- Opening Delimiter -

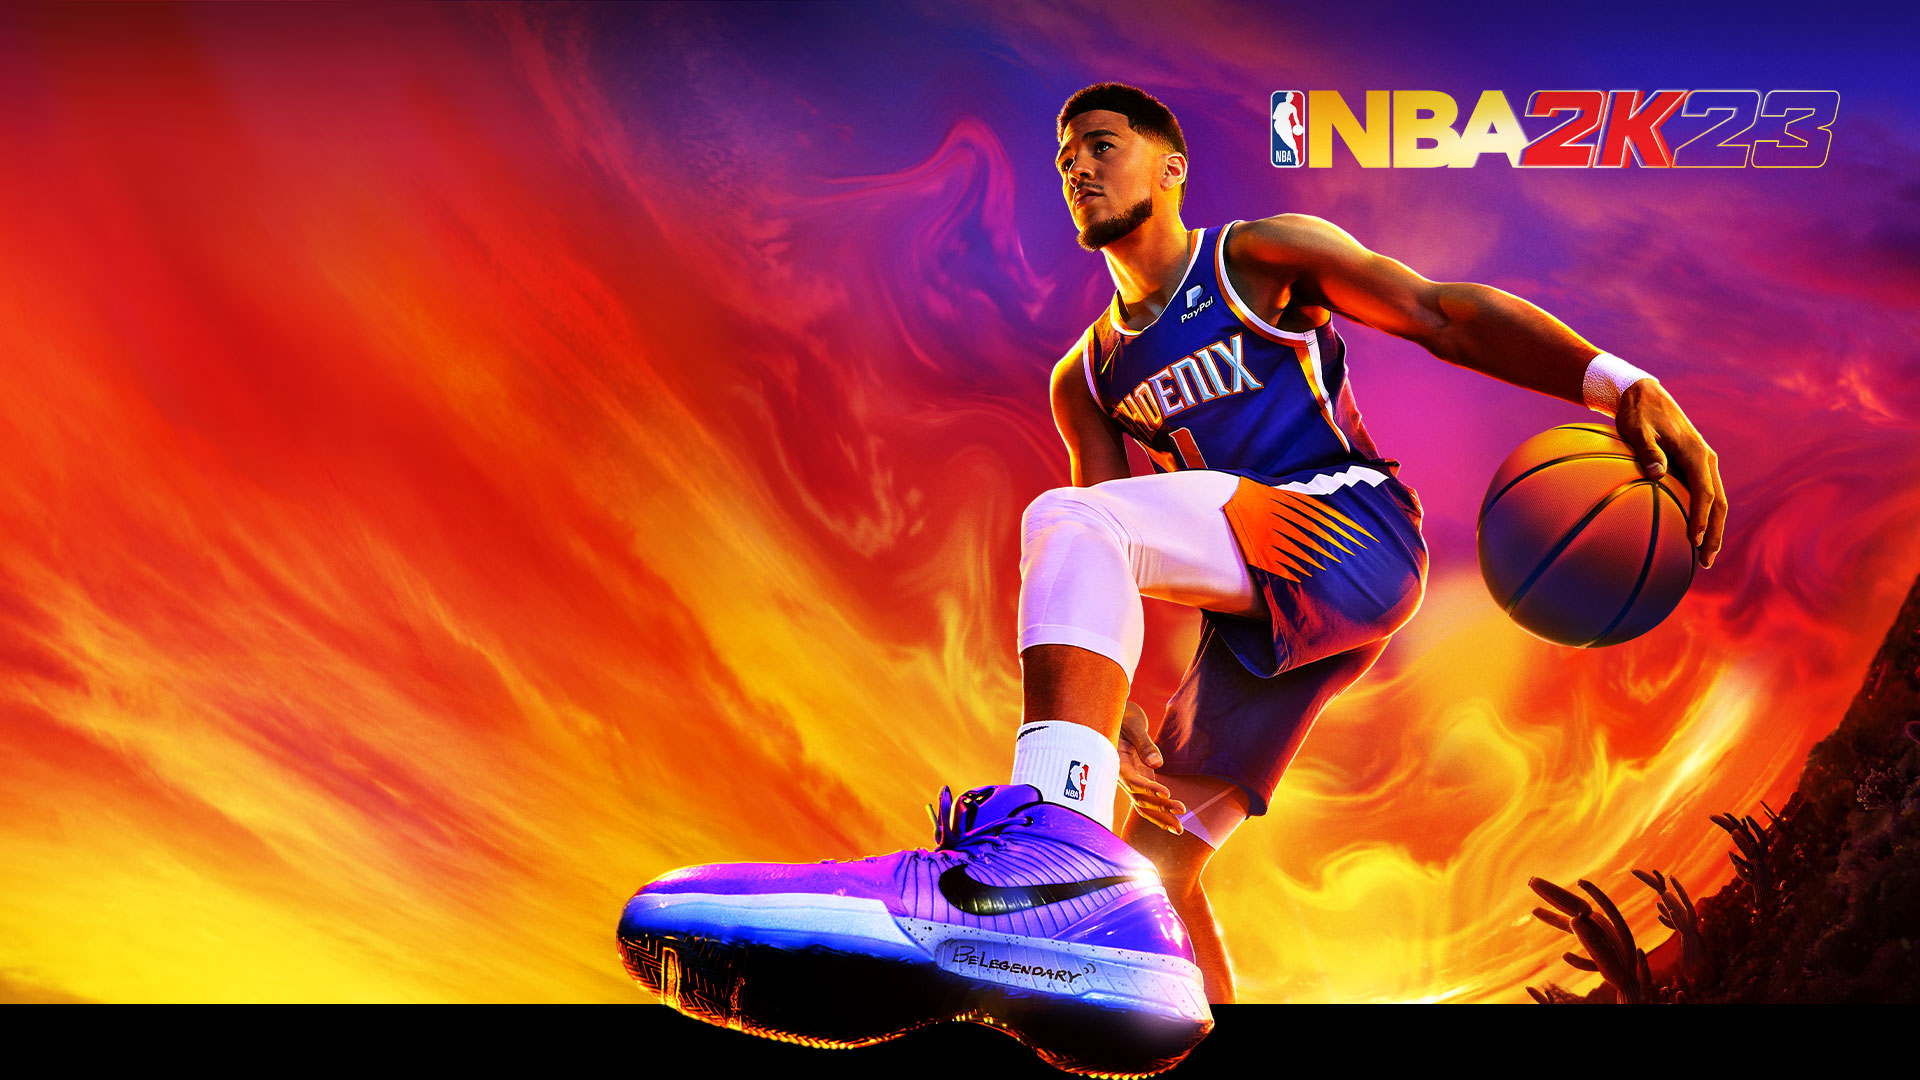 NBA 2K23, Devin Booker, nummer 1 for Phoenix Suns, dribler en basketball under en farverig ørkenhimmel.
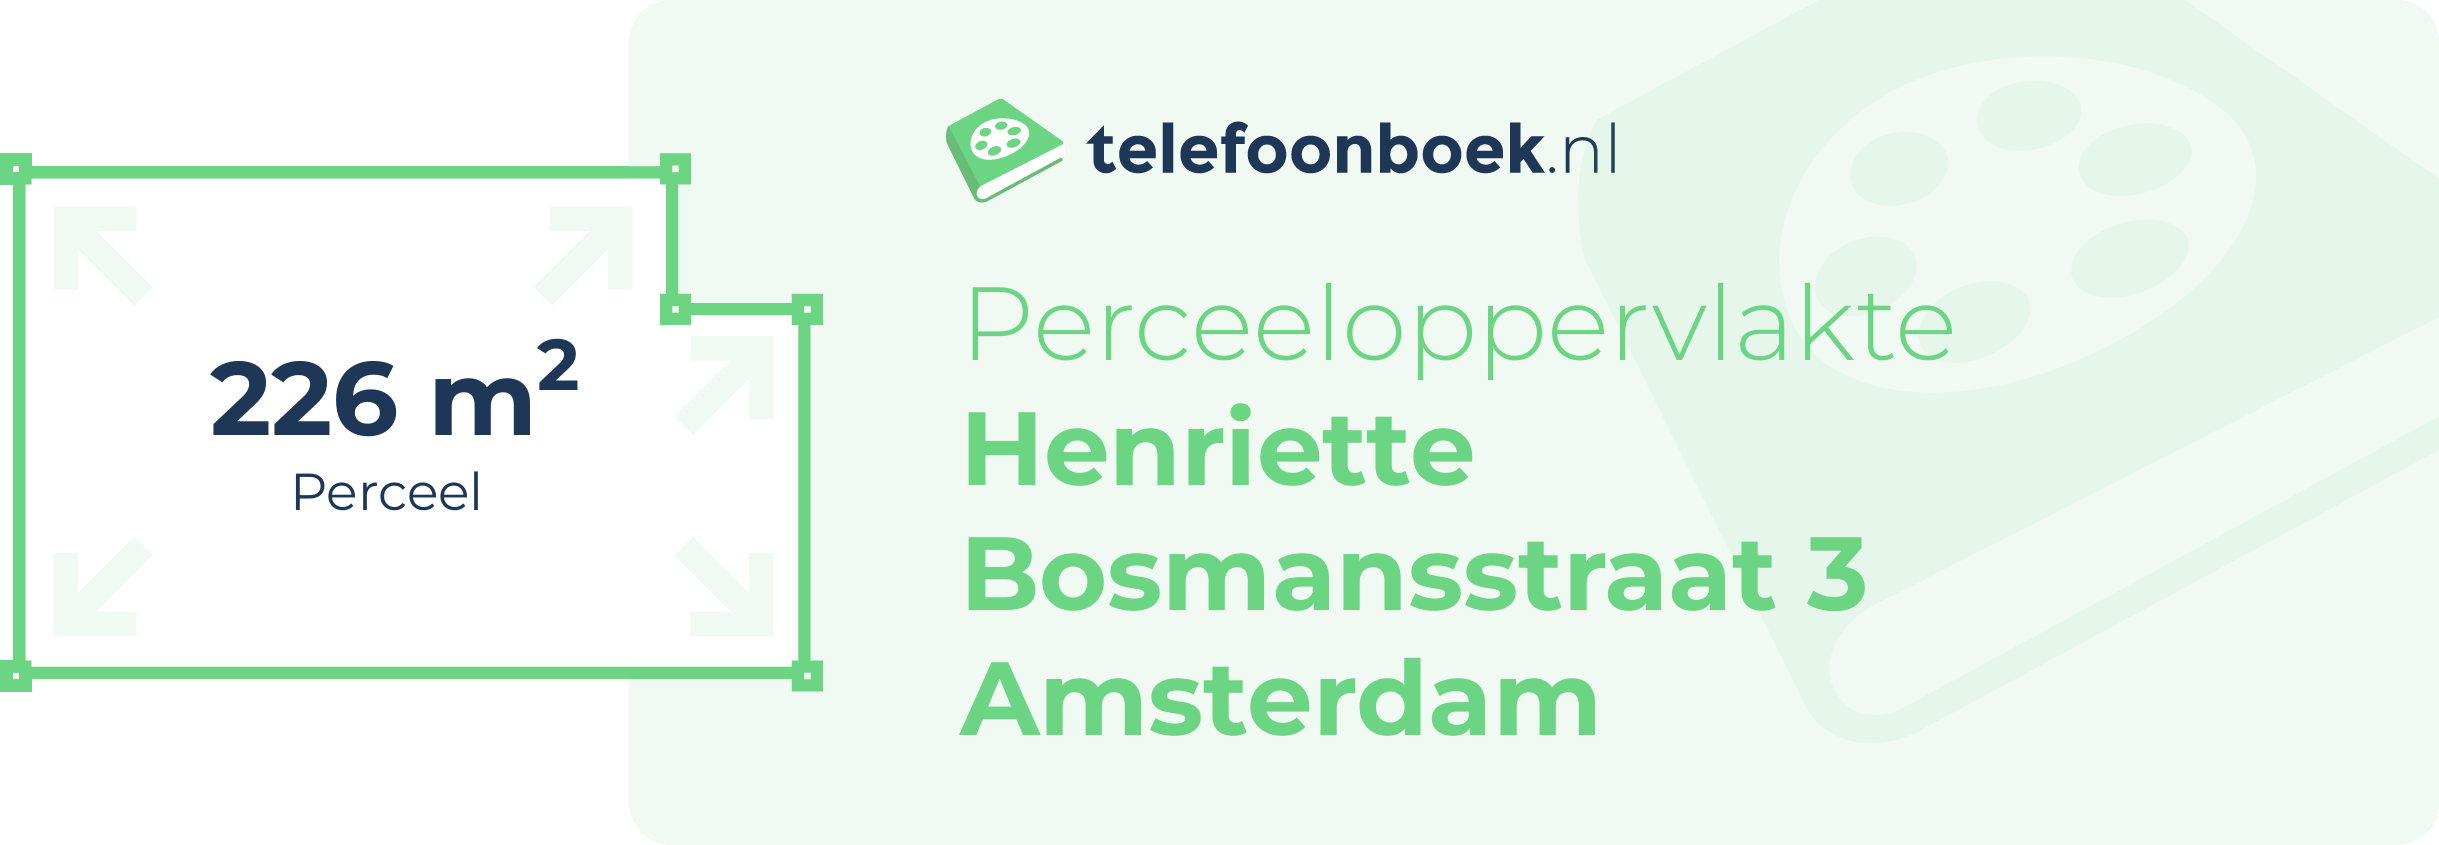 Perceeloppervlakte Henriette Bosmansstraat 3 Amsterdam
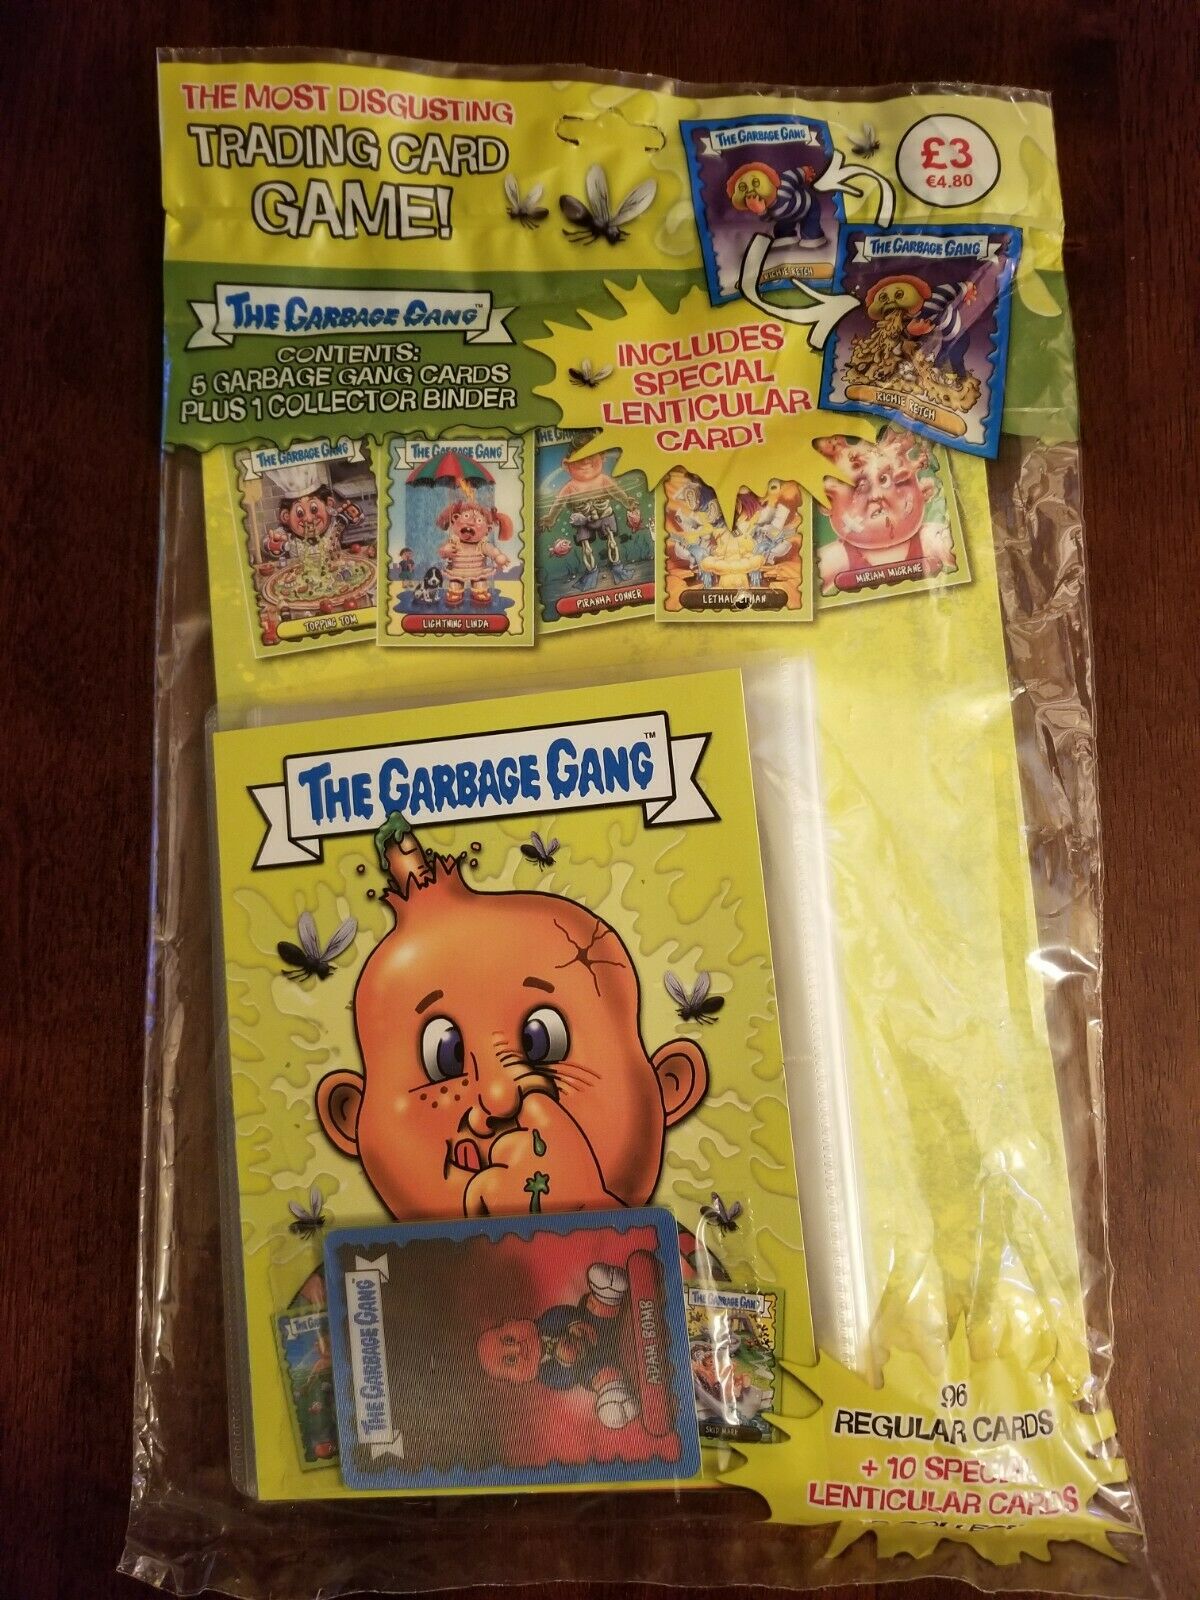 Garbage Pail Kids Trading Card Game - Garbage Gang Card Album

- Closing Delimiter -

## PROBLEM DETAILS:
Your answer should set down the listing verbatim and leave out its images.

## TASK ANSWER:
 NBA 2K23, Devin Booker, nummer 1 for Phoenix Suns, dribler en basketball under en farverig ørkenhimmel.
 Perceeloppervlakte Henriette Bosmansstraat 3 Amsterdam
 Garbage Pail Kids Trading Card Game - Garbage Gang Card Album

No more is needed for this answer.